Consider the $\epsilon,\delta$ definition of continuity. Practically speaking, if the function $f$ is continuous at $a$, then given any small $\epsilon$, there is some small neighborhood $(a-\delta,a+\delta)$ so that all the values of $|f(x)|$ are less than $\epsilon$ (since $|f(x) - f(a)| = |f(x)|$).

But any such neighborhood of $a$ contains infinitely many rational numbers (where the values of $f$ will range from $a-\delta$ to $a + \delta$). So, if you choose an $\epsilon < a$, then no matter what $\delta$ you choose, there's some rational $x \in (a-\delta,a+\delta)$ so that $f(x) > a$.

You can basically use the same kind of argument to examine the rational points; choose rational $b$, choose $\epsilon < b$, get the contradiction. Notice that there's one rational number which this argument won't work though (why?). That will be the sole point of continuity.

Once you understand the first example, the second is the same thing with a slight twist.

You need to verify the definition of continuity at each point $y$: for all $\epsilon>0$ there exists a $\delta>0$ such that |f(x)-f(y)|<\epsilon$\epsilon$ whenever $|x-y|<\delta$. Alternatively show that for all sequences $y_n\rightarrow y$, you have $f(y_n)\rightarrow f(y)$.

As a hint for $f(x)$, pick a nice value of $y$, say $y=0.5$. Is $f$ continuous at $0.5$? You have that $|f(x)-f(y)|=|f(x)-0.5|=0.5$ whenever $x$ is irrational. Notice that for any $\delta>0$, there is always an irrational in the interval $(0.5-\delta,0.5+\delta)$. So if $\epsilon=0.4$, for any delta you could always find an irrational $x$ satisfying $|x-0.5|<\delta$, giving $|f(x)-0.5|>\epsilon$, a contradiction. So $f$ is not continuous at $0.5$.

Something interesting happens for $x$ near $0$ though...

A function of one variable $f(x)$ continuous at point $x=p$ if for any given $\epsilon>0$ there exists a $\delta >0$ (where $\delta$ is permitted to depend on $\epsilon$) such that for all $x$ in the interval $(p-\delta, p+\delta)$, $|f(x) - f(p) < \epsilon$.

Let's try that for the first function you present.
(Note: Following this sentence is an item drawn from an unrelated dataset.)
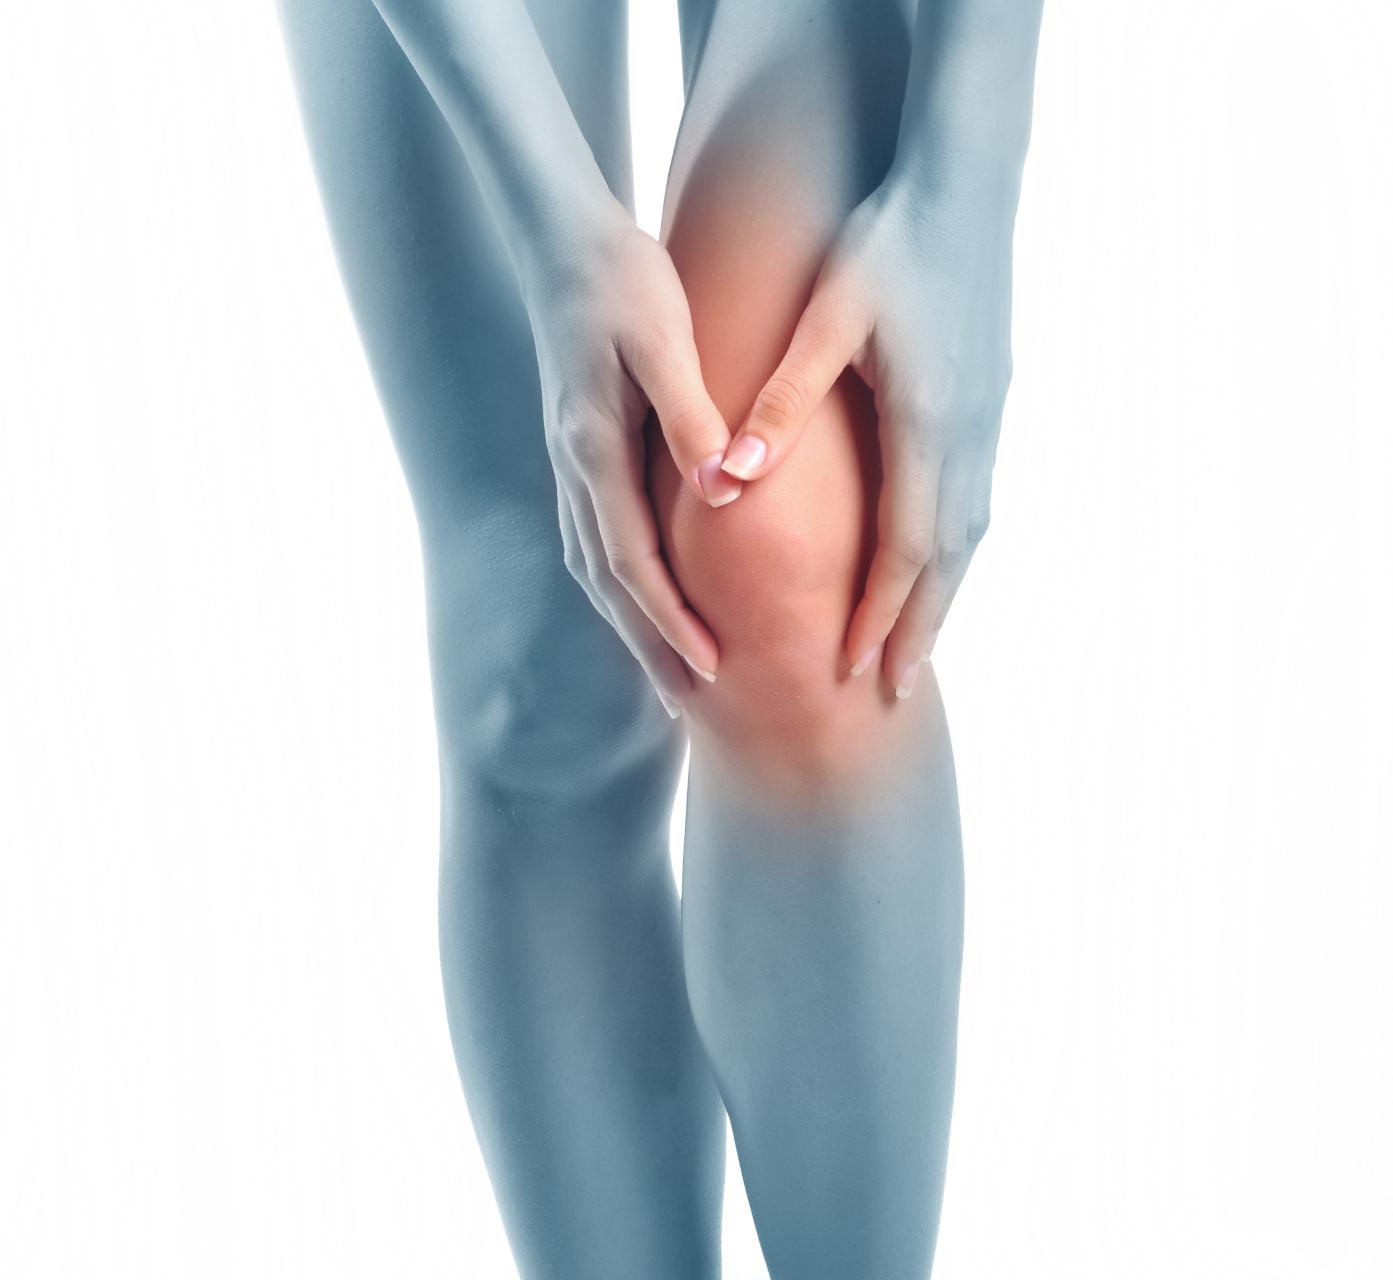 kelio sąnario artrozė receptas tinktūros iš sąnarių skausmas

If $p$ is rational and non-zero, then any neighborhood of $p$ will have points with $x$ irrational and $f(x) = 0$, so choosing $\epsilon = p/2$ we see that the definition of continuity at $p$ cannot be met. And if $p$ is irrational any neighborhood of $p$ will contain points with $x$ rational and arbitrarily close to $p$ so that $f(x)$ will be arbitrarily close to $p$, yet $f(p) = 0$. Again choosing $\epsilon = p/2$ shows that $f(x)$ is not continuous at $x=p$.

But now look at $x=0$. Then for any $\epsilon < 0$, if we choose $\delta = \epsilon/2$, every point $x$ with $-\delta < x < \delta$ has $$|f(x) - f(0)| = |f(x)| \leq |x| \leq \delta = \epsilon/2$$ and this demonstrates that $f(x)$ is continuous at $x=0$ (and nowhere else).

Now look at $g(x)$. For $x$ not an integer, the same arguments that show $f(x)$ is non-continuous apply to $g(x)$. Now consider any integer $x = n$, including zero. At all rational points $n < x < n+\delta$, $0 < g(x) < \delta$. Yet for all rational points $n-\delta < x < n$, $1-\delta < g(x) < 1$. This makes it impossible to find a $\delta$ small enough to demonstrate continuity for any $\epsilon < 1$.

So $g(x)$ is discontinuous everywhere.